> PROMPT
Apart from the images, the records below need to be copied exactly.

Stored items from a collection:
══════════════════════════════
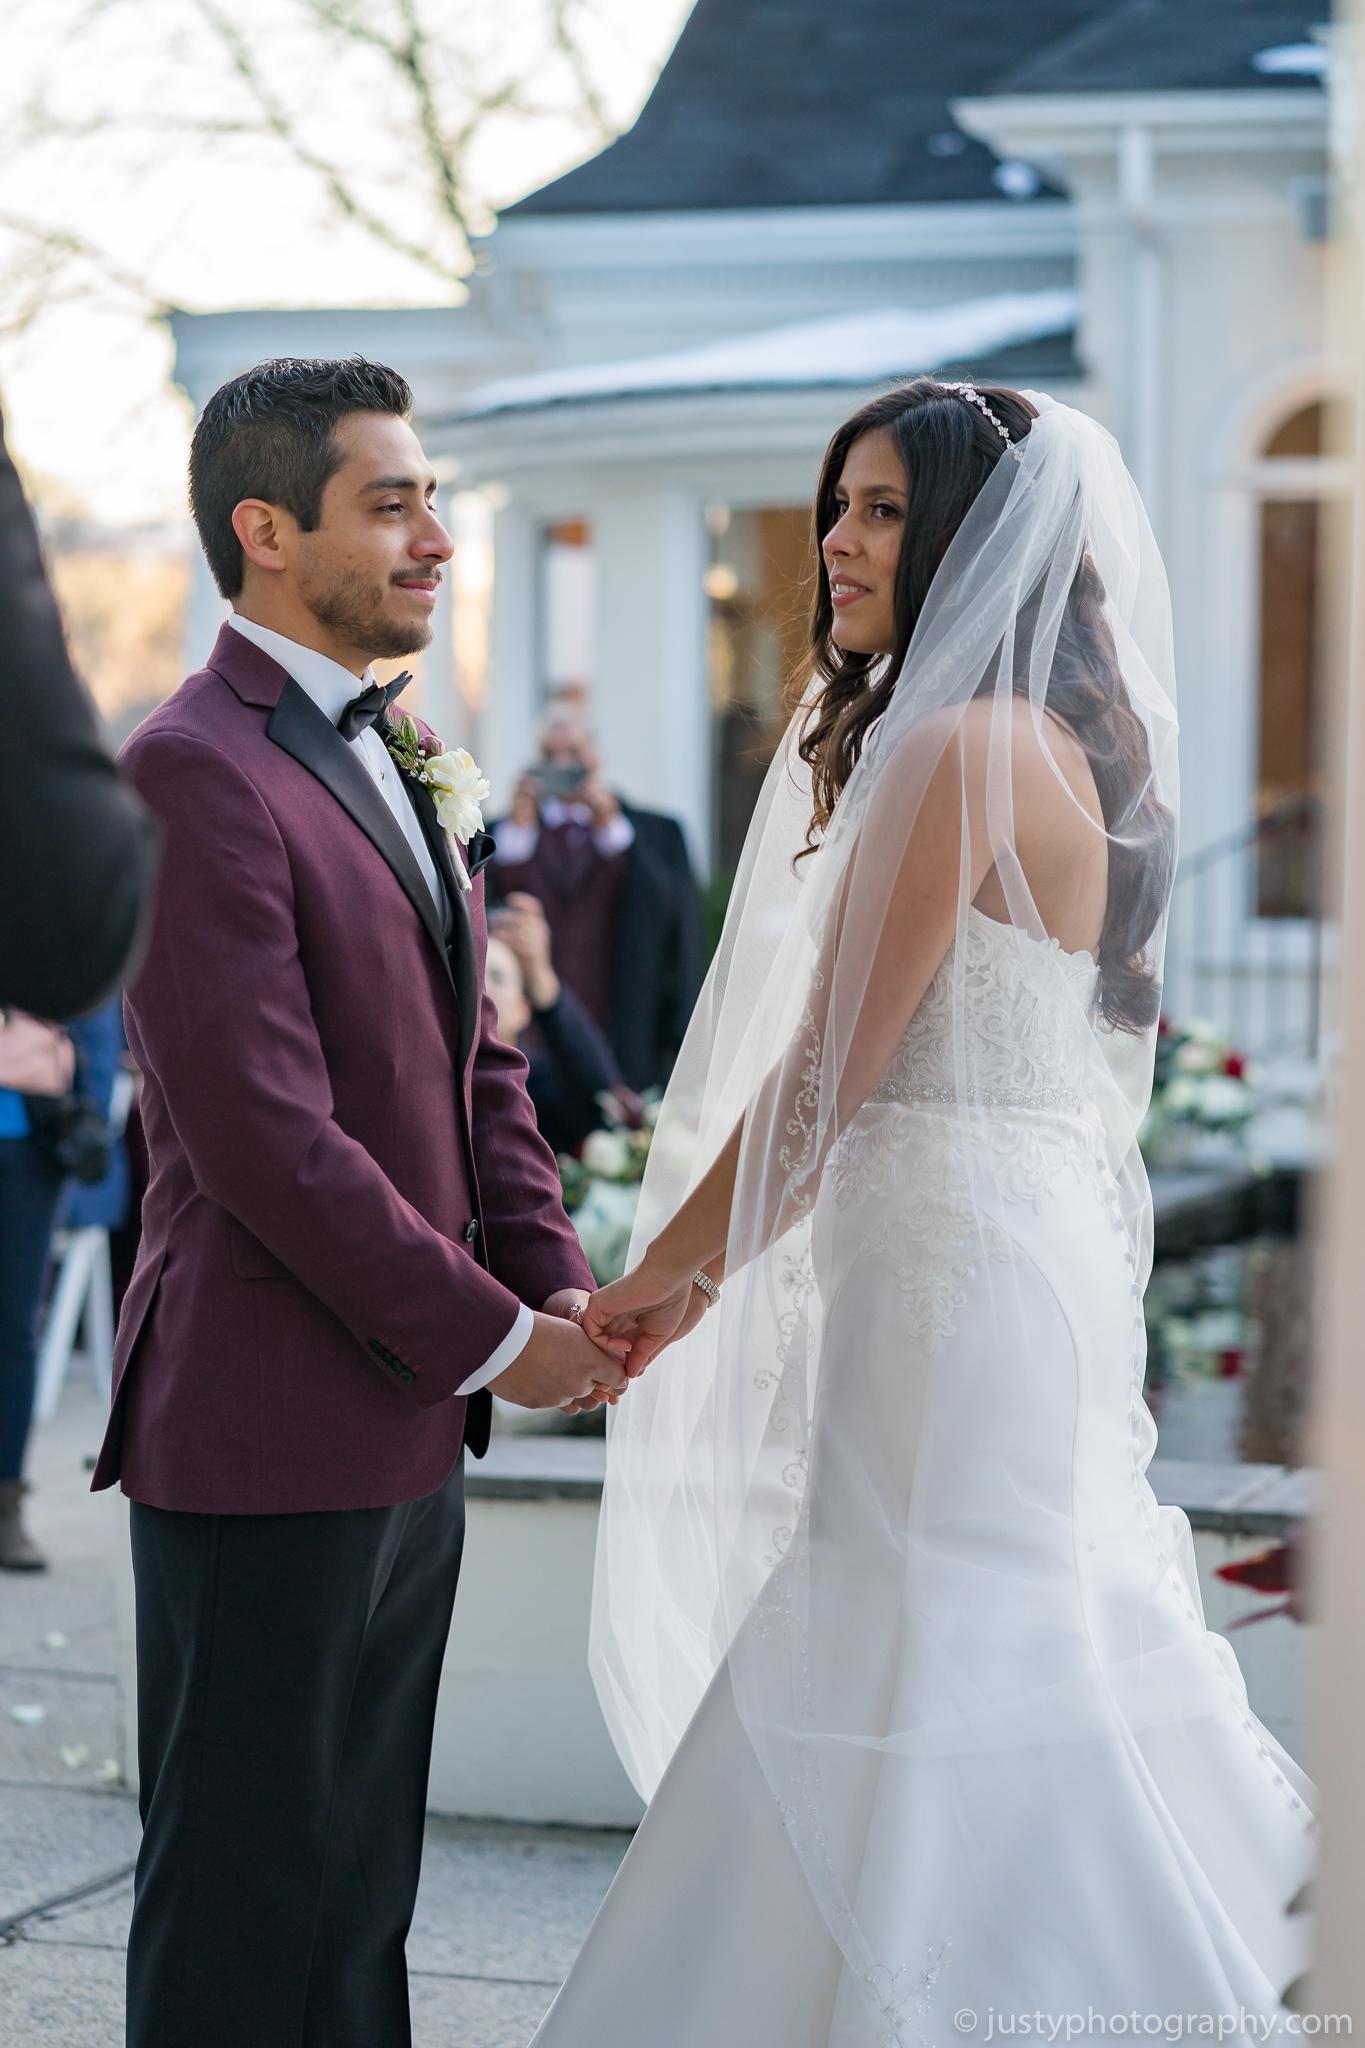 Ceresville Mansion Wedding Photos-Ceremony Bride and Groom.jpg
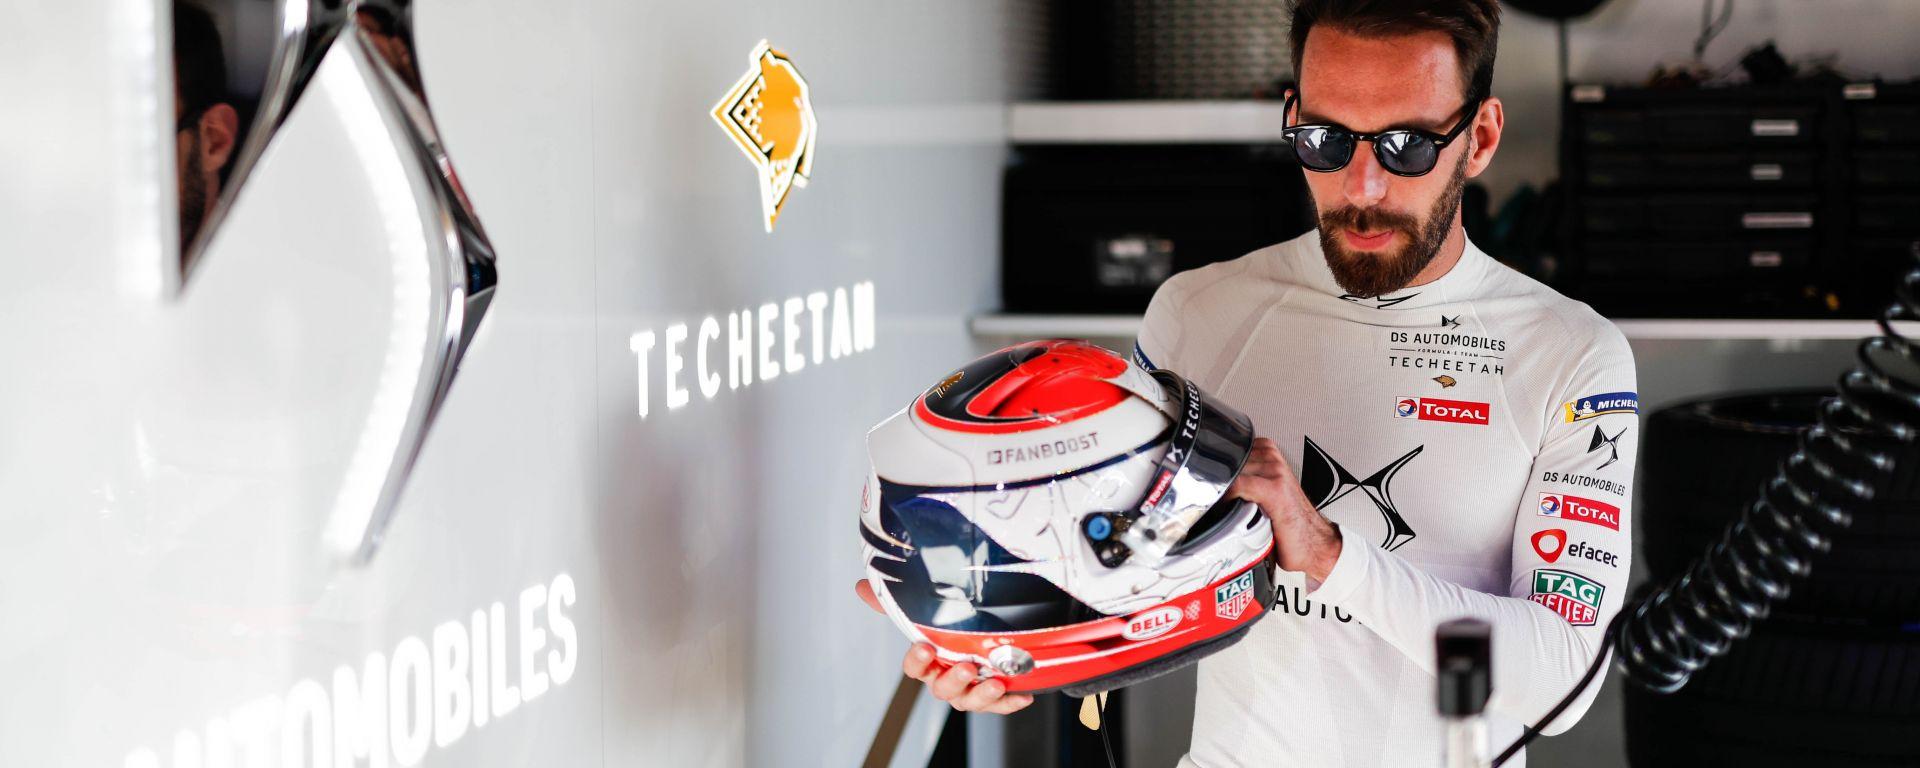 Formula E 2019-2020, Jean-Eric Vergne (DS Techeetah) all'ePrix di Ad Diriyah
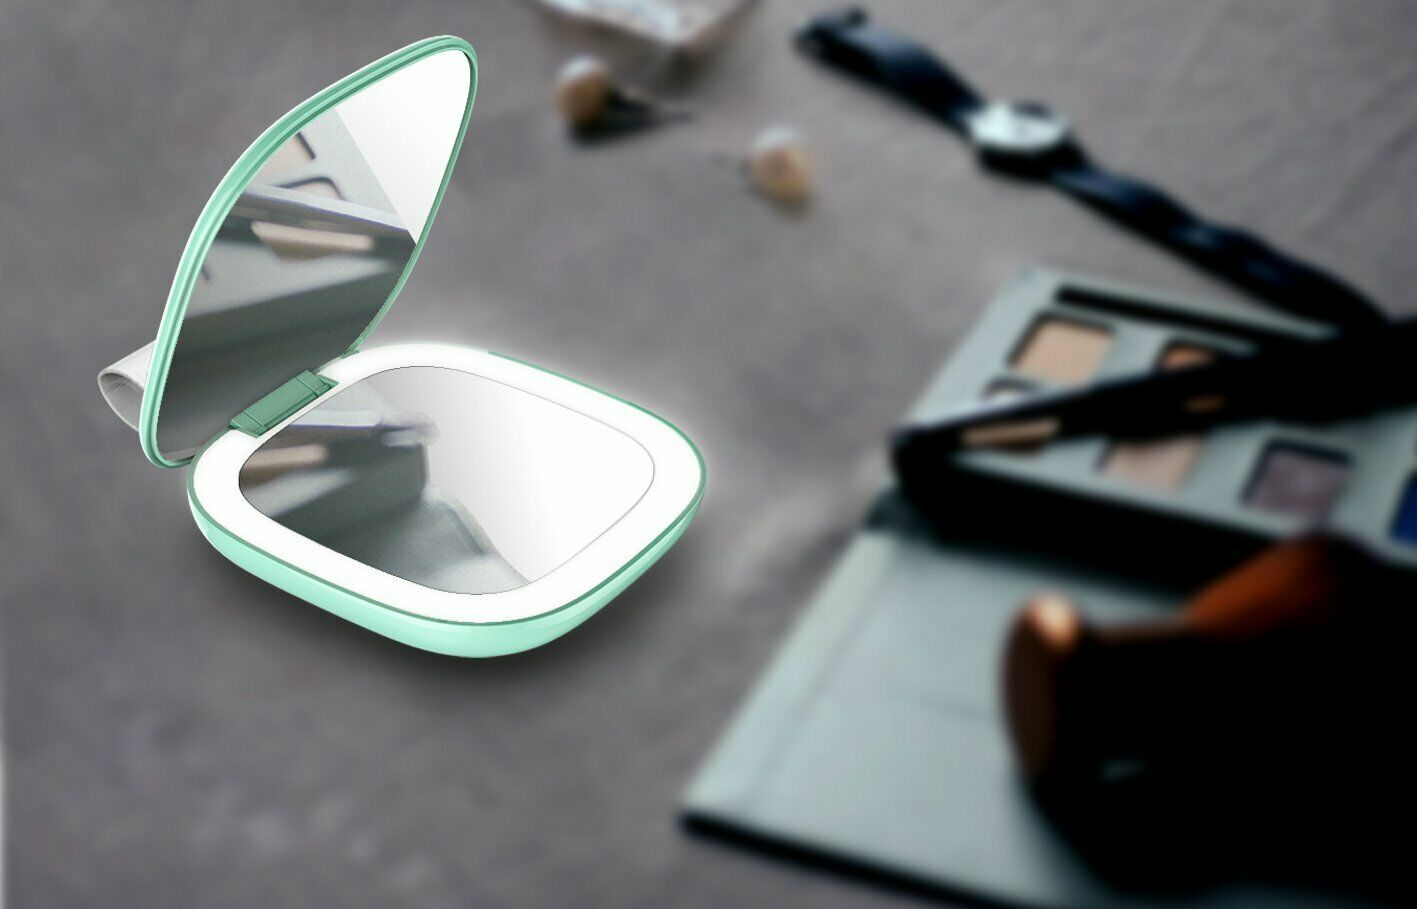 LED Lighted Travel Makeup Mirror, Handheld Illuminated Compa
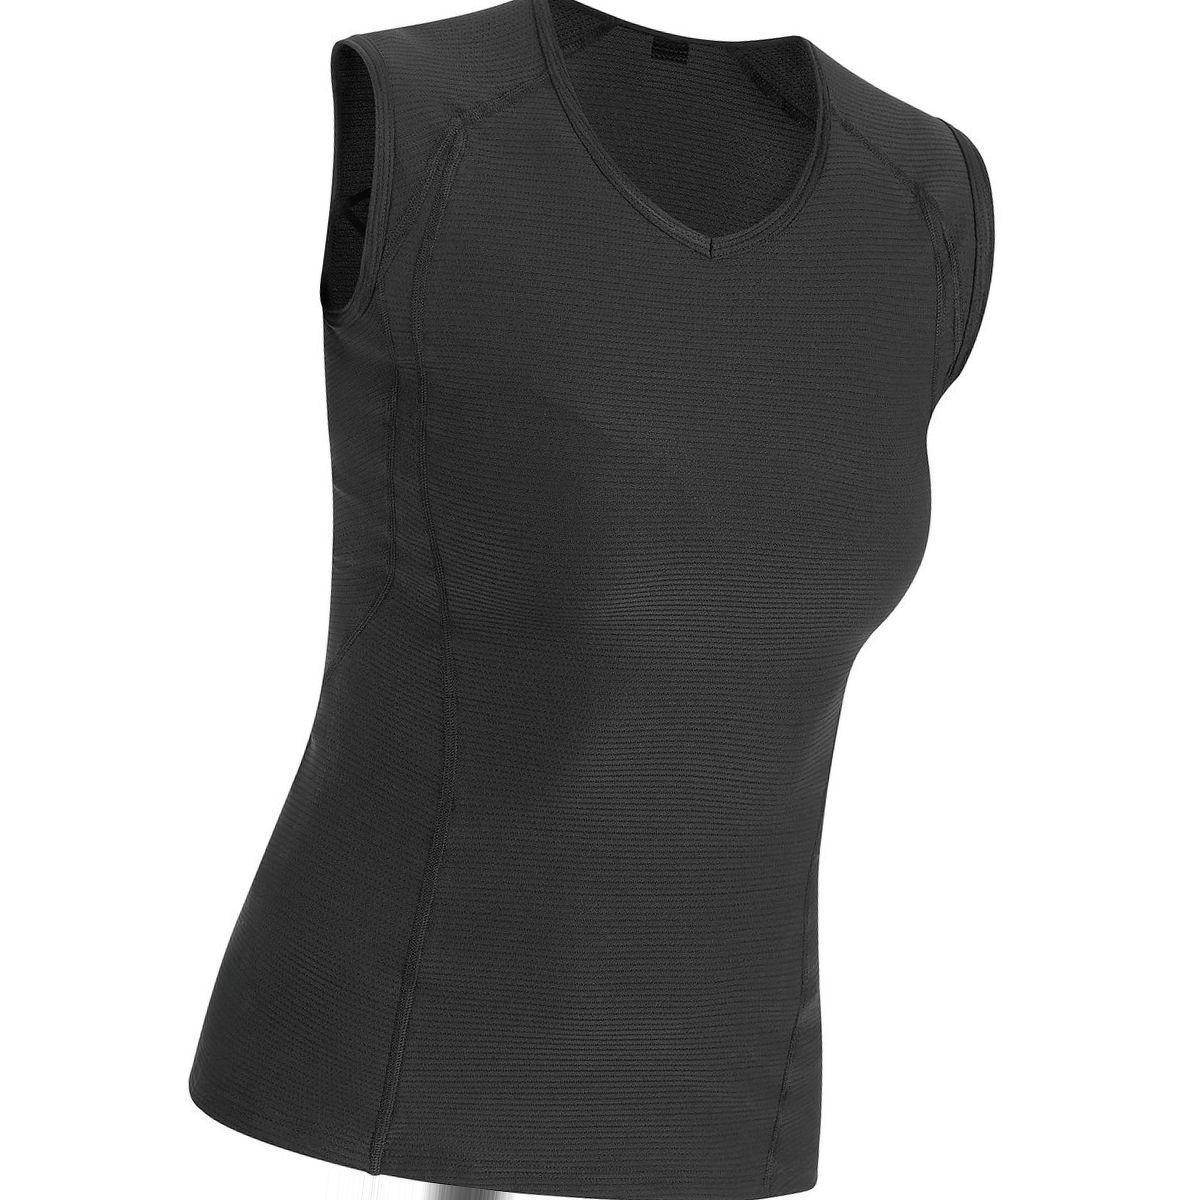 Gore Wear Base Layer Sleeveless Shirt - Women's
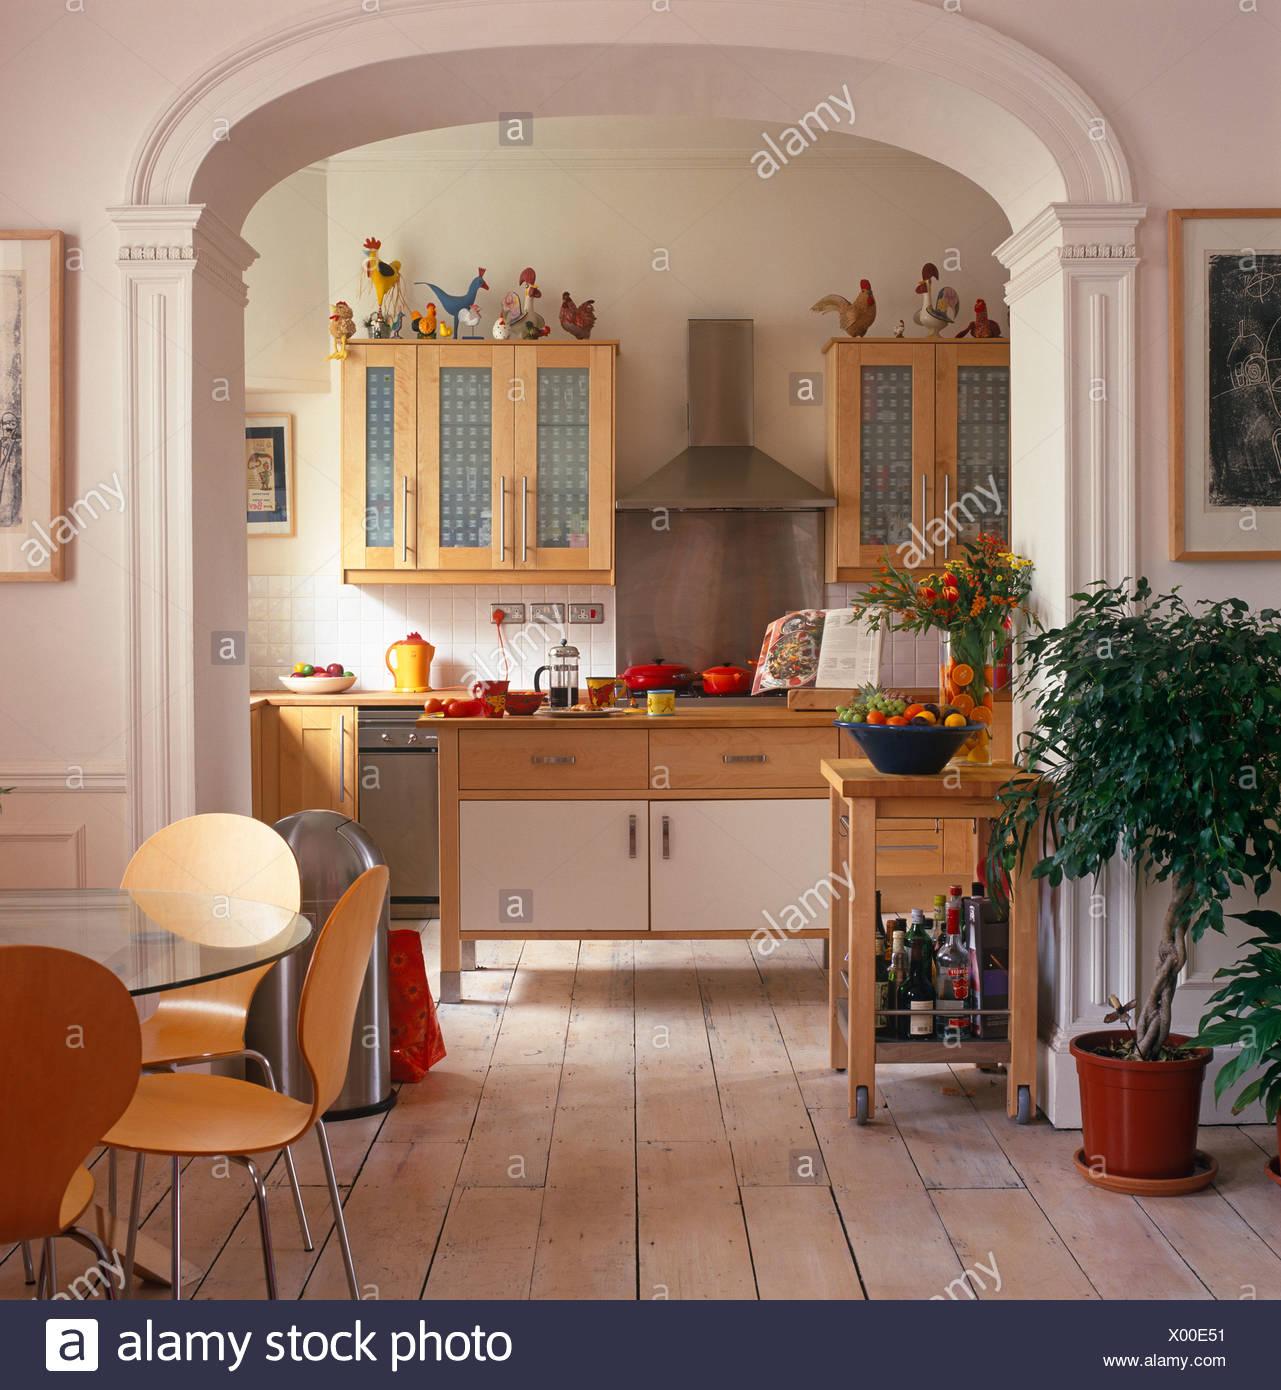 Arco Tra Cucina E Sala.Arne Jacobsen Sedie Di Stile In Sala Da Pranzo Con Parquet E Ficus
══════════════════════════════
> EXERCISE RESULT
 Ceresville Mansion Wedding Photos-Ceremony Bride and Groom.jpg
 Formula E 2019-2020, Jean-Eric Vergne (DS Techeetah) all'ePrix di Ad Diriyah
 LED Lighted Travel Makeup Mirror, Handheld Illuminated Compa
 Gore Wear Base Layer Sleeveless Shirt - Women's
 Arco Tra Cucina E Sala.Arne Jacobsen Sedie Di Stile In Sala Da Pranzo Con Parquet E Ficus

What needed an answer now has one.